First, the essential difference between blockchain and distributed database
1. Consistent core consensus algorithm and redundant data storage:
Consistent core consensus algorithms and redundant data storage are the most similar ones. Even so, there is still a fundamental difference between the two in terms of technical goals. Among them, the core purpose of the blockchain using these technologies is to build a world that is as decentralized as possible, and the data assets are permanently protected and freely transferred.
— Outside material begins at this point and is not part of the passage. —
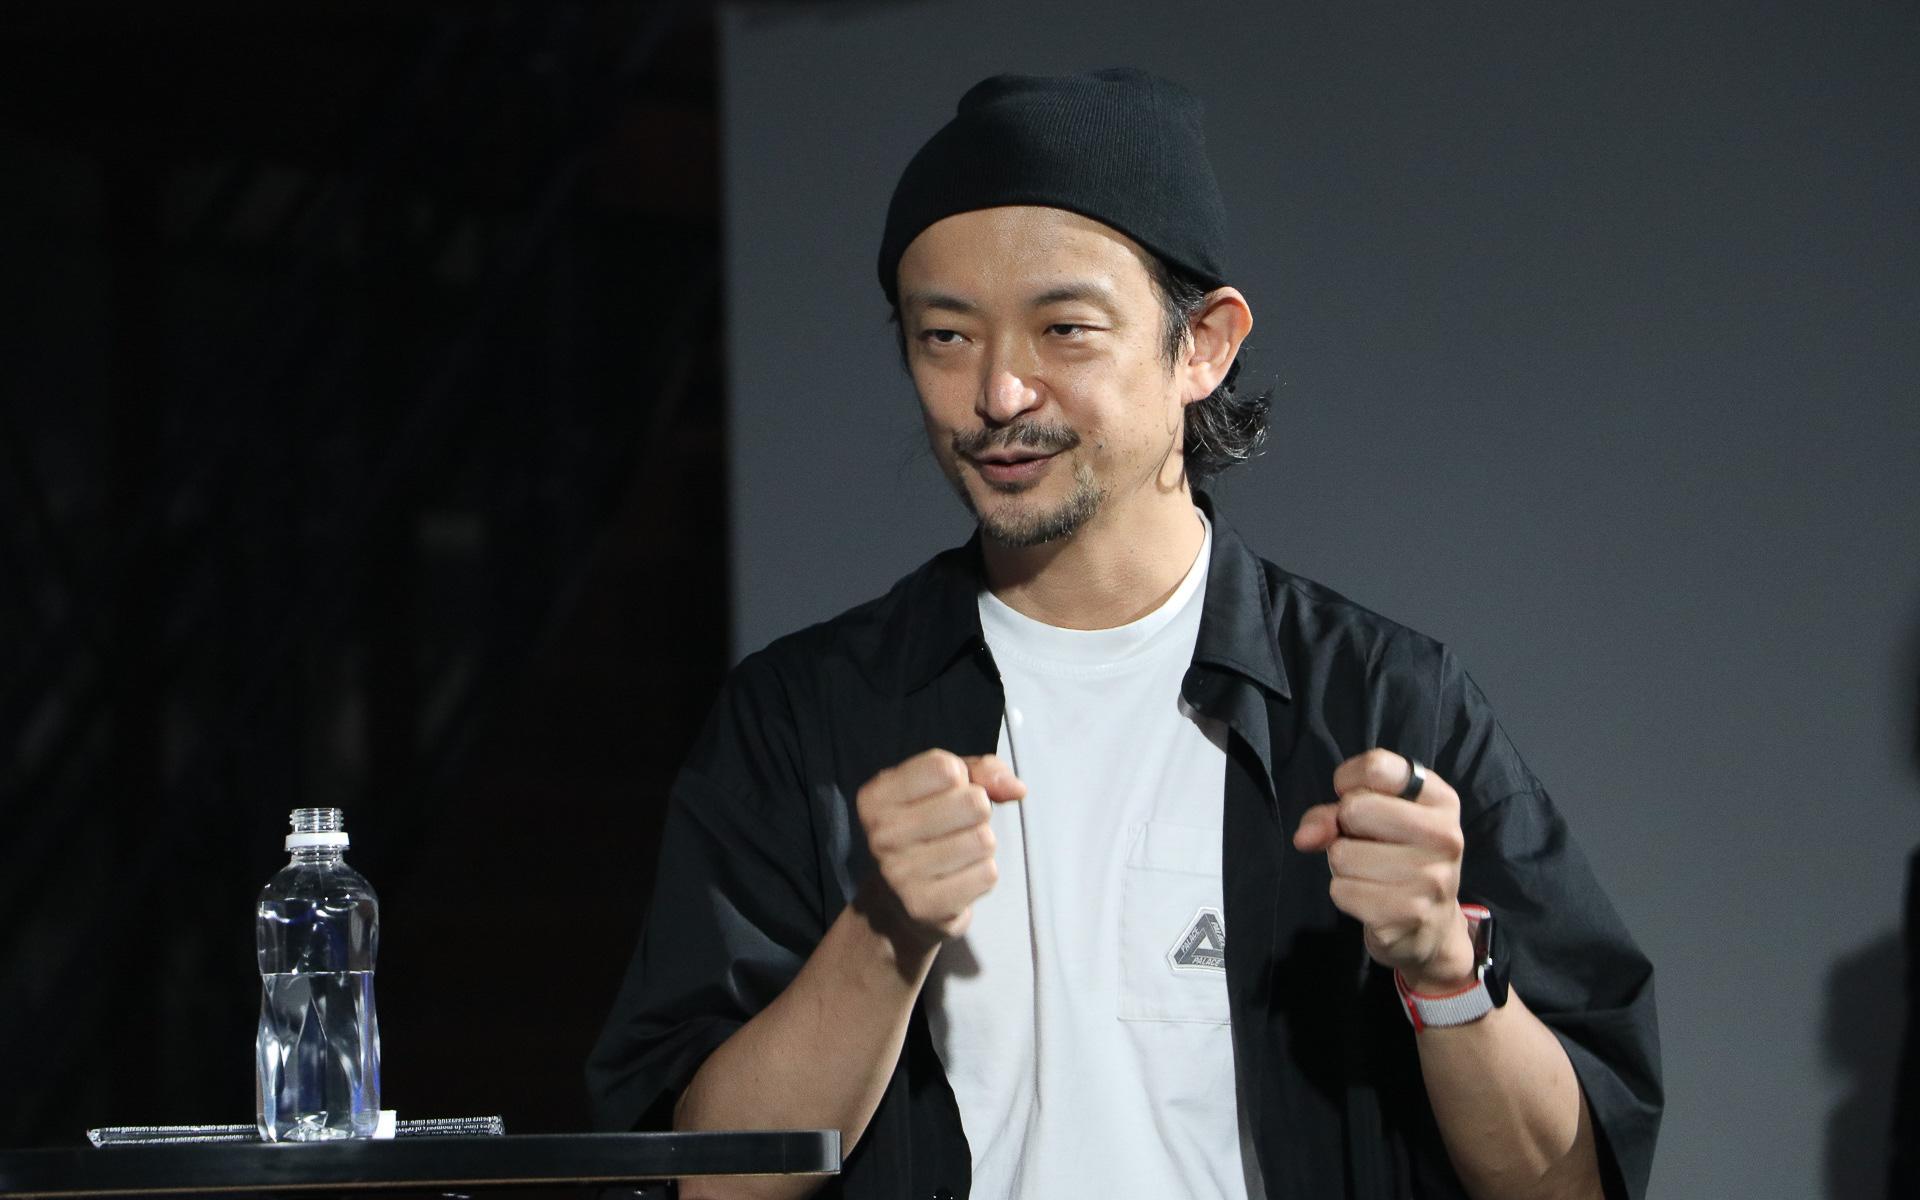 アーティスト、プログラマ、DJなど幅広い活動をしている真鍋氏

The core purpose of the distributed database is to build a logical center as much as possible. Provide high performance, low cost, and scalable services.
2.Impossible Triangle:
Both need to face the challenge of the impossible triangle, but the specific challenges that the two need to face are essentially different: the blockchain is facing security, decentralization, and scalability; and the distributed database surface It is the support for the business, the complexity of the project implementation and the hardware requirements.
3. Consistency:
Consistency has different meanings in blockchains and distributed databases: consistency in blockchain systems refers to the ability of multiple nodes to maintain data states together; consistency in distributed database systems refers to The state in which multiple copies are rendered externally.
4.The difference in the security level of the consensus algorithm
The blockchain system solves the Byzantine error. The mainstream algorithms are POW/POS (probability algorithm) and PBFT (deterministic algorithm). Among them, the consensus result of the POW/POS probability class algorithm is temporary. As time goes by or some kind of strengthening, the probability that the consensus result is overturned becomes smaller and smaller, and eventually becomes the de facto result. Byzantine fault-tolerant algorithms often have poor performance and cannot tolerate more than 1/3 of the faulty nodes; while the PBFT deterministic algorithm is irreversible once consensus is reached, that is, the consensus is the final result. Distributed database systems solve non-Byzantine errors or faults. Mainstream algorithms include Paxos and Raft. These fault-tolerant algorithms tend to perform better, process faster, and tolerate fault nodes that do not exceed 1/2.
Second, explore blockchain and distributed database from core values
The core value of the blockchain
The core value of the blockchain is not to provide services to the outside world but to build its own world of data assets. The blockchain world is updated with a state, and the storage is traceable. The main data structures are divided into two categories: transactions and blocks. The specific embodiment is as follows:
The transaction is used to update the world state of the external world-driven blockchain. It contains two types of data: transaction input and transaction output. The transaction input indicates the source of the data asset of the transaction, and the transaction output indicates the destination of the data asset.
The block is used to store transaction data and is mainly composed of a block header and a block body. The block number records the version number, the hash address of the previous block, the Merkle root, the block creation time stamp, and the block workload. The difficulty target and the parameter values used to calculate the target, the block body contains the number of transactions and complete transaction data.
The distributed database core value
The core value of a distributed database is to provide data access services to business systems. The business database is operational-oriented and mainly serves business products and development. The data warehouse is analytical-oriented and mainly serves analysts.
Third, unlock the veil of blockchain and distributed database from the perspective of storage technology
Blockchain
2008 Bitcoin to Blockchain 3.0, the most basic storage technology of blockchain has not changed much. Let me give you an example of the storage principle of Bitcoin. The Bitcoin/blocks/ folder is shaped like the file blk00000.dat in Figure 1. The file is stored in the block data. Each file is about 128M. All the block data is stored in this folder.
The Bitcoin/blocks/index/ folder stores index data for all blocks, using the level/value pairs of the database in leveldb format.
Each block is up to 2M, and the block data is stored in the block file (such as blk00000.dt in Figure 1). The block and block are separated by “magic number” (such as 0xF9BEB4D9 in Figure 3), one A file can store multiple block data, and the file has a maximum limit. If it is larger than 128M, a file (such as blk00001.dat) will be recreated.
Distributed database
The distributed database started around 2005, the first is the wave of NoSQL. The primary problem with these databases is that all data cannot be saved on a single machine, such as HBase/Cassadra/MongoDB. Following the redemption of RDMS, in addition to NoSQL, the RDMS system has also made a lot of efforts to adapt to the changes in the business, that is, the middleware and sub-division schemes of relational databases. Then came the development of NewSQL. From 2012 to 2013, Google published the papers of Spanner and F1, which made the industry see for the first time the possibility of the relationship model and NoSQL’s scalability blending on a large-scale production system.